Advanced Machine Learning for Early Detection of Heart Diseases through Audio Analysis
Phone-grade heart sound recordings fuel explainable ensembles for proactive cardiac screening.
Designed prevention and clinical support ensembles for early cardiac screening on the Dangerous Heartbeat Dataset (CHSC2011). Heart sounds were resampled at 4 kHz, segmented into 1-second windows, described with MFCC, chroma, spectral and temporal descriptors, and reduced from 338 to 41 features via Spearman-based filters. The prevention ensemble keeps false normals under control (ROC-AUC 0.96, TPR 43.4% at 1% FPR) while the five-class support ensemble delivers macro F1 81.6 with per-class risk analysis and SHAP explanations.
The study processes the Dangerous Heartbeat Dataset (CHSC2011) by resampling heterogeneous recordings at 4 kHz, slicing 1-second windows and extracting 338 temporal, spectral and cepstral descriptors (MFCC, chroma STFT, RMS, ZCR, CQT, spectral centroid/bandwidth/roll-off).
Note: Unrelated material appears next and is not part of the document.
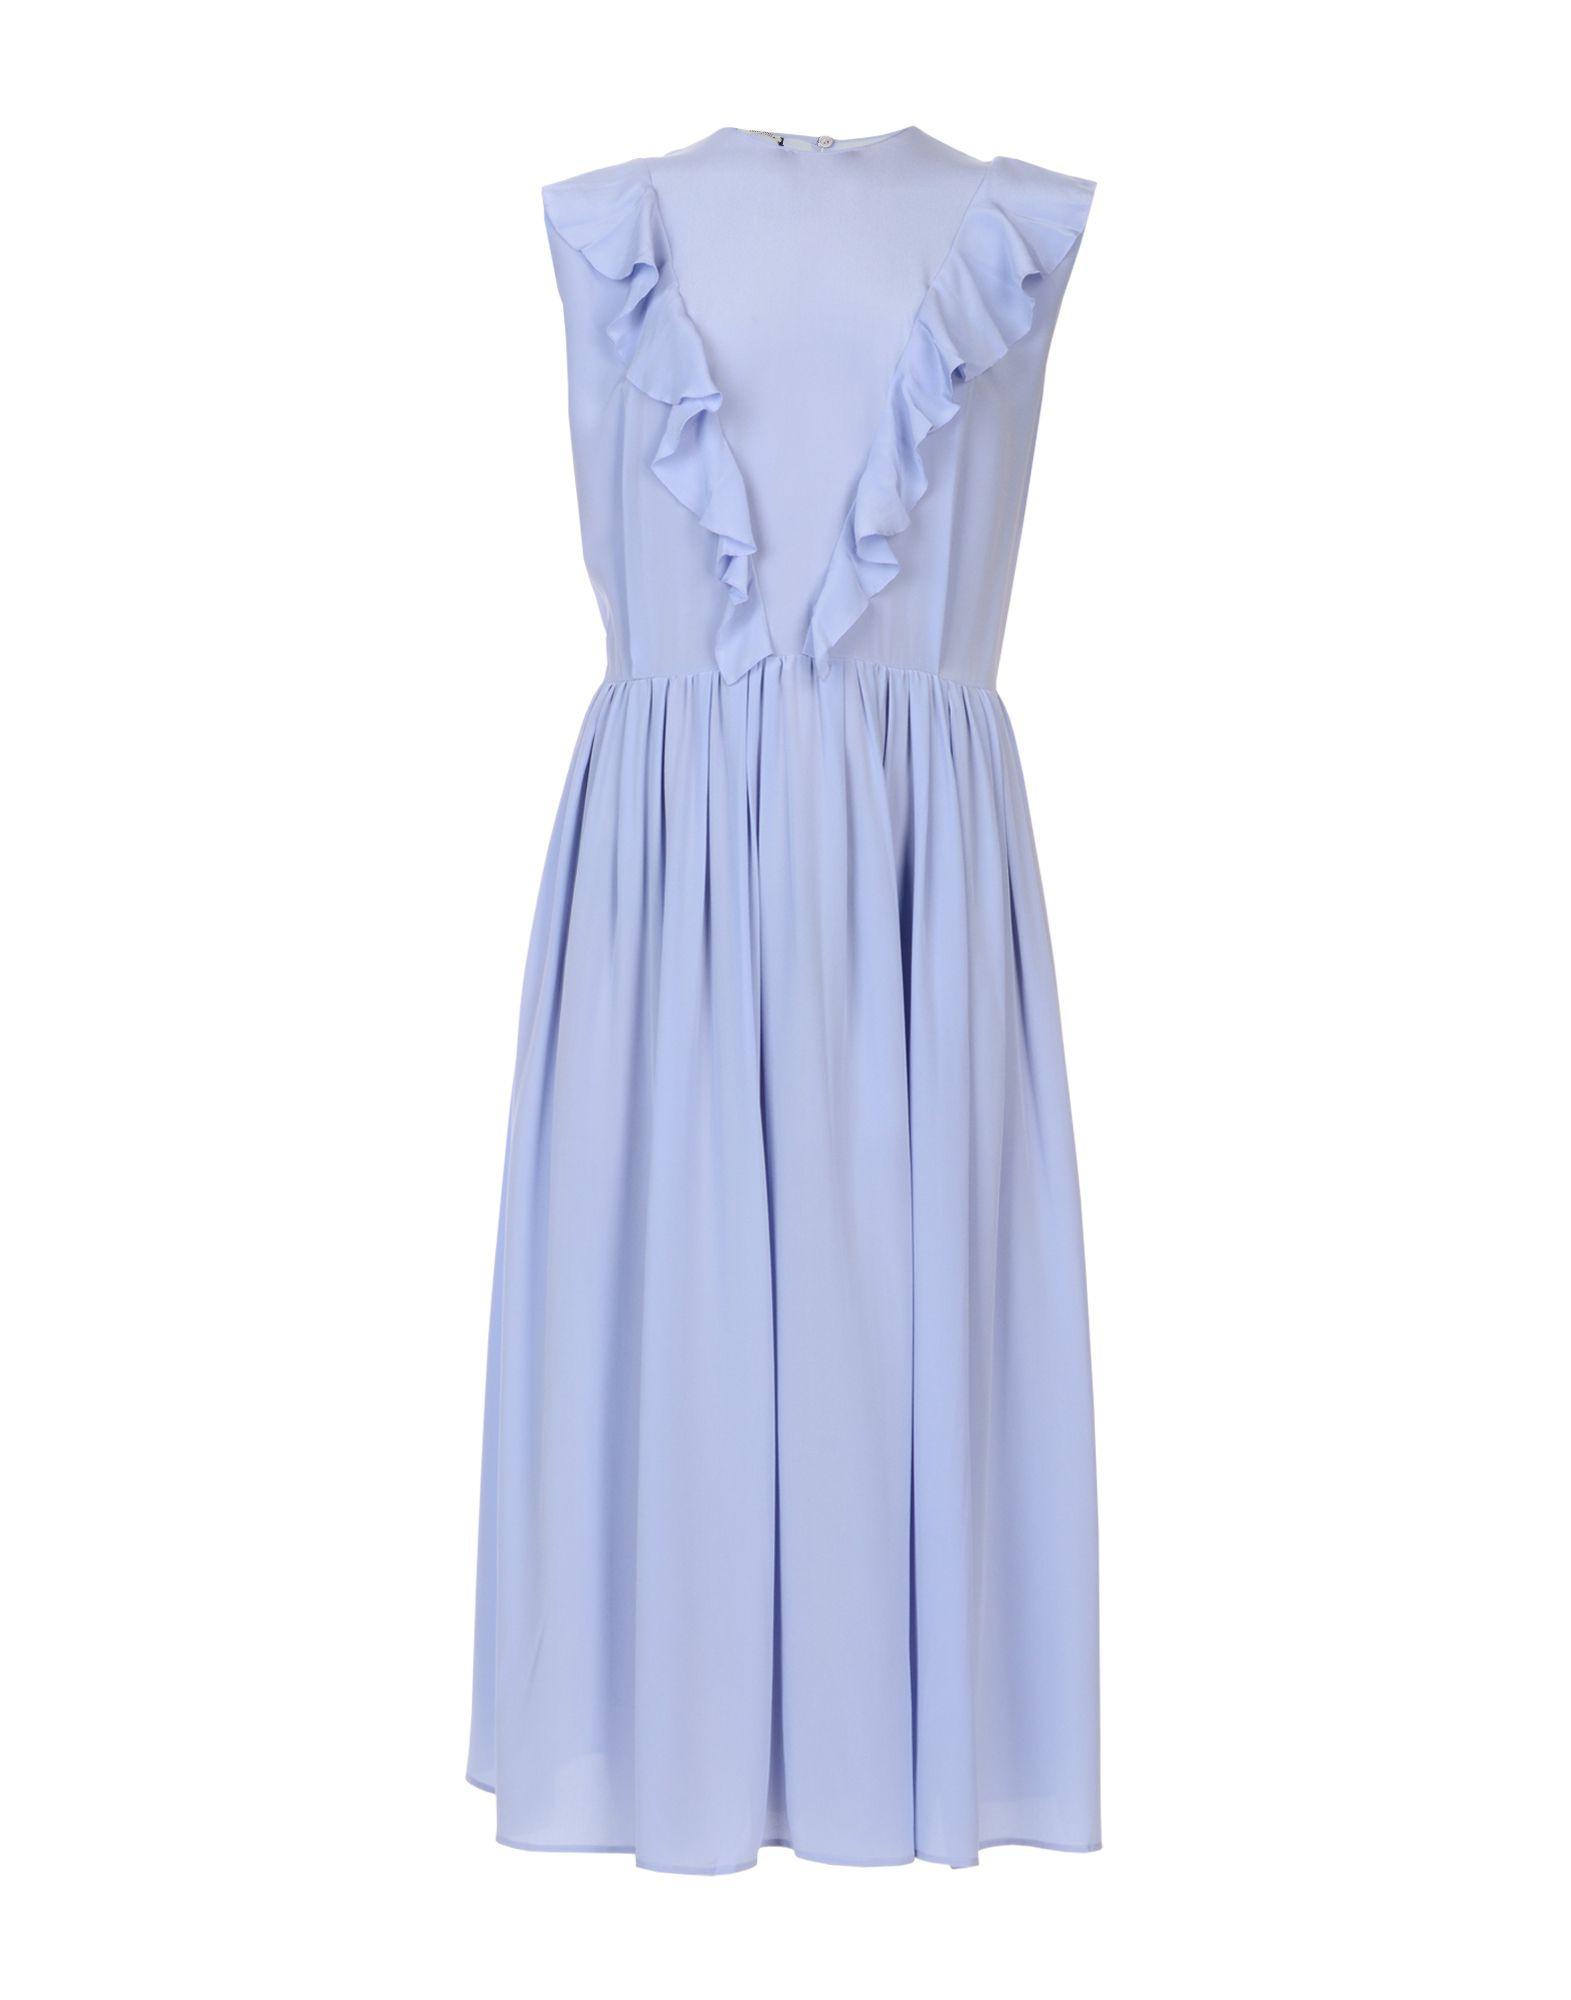 10 Genial Abendkleider Yoox GalerieDesigner Luxurius Abendkleider Yoox Boutique

A two-step Spearman filter removes weakly correlated and redundant attributes, shrinking the footprint to 41 features. Two complementary pipelines are trained: a prevention ensemble (Random Forest + MLP Ultra + MLP Rollercoaster) that evaluates normal-vs-rest performance across strict FPR thresholds, and a five-class diagnostic ensemble (Random Forest + MLP Ultra) that balances macro F1, MCC and per-class risk. SHAP values and permutation importance explain decisions and highlight waveform regions that drive predictions.
This project is licensed under the MIT License. Feel free to use, modify, and distribute the code as per the terms of the license.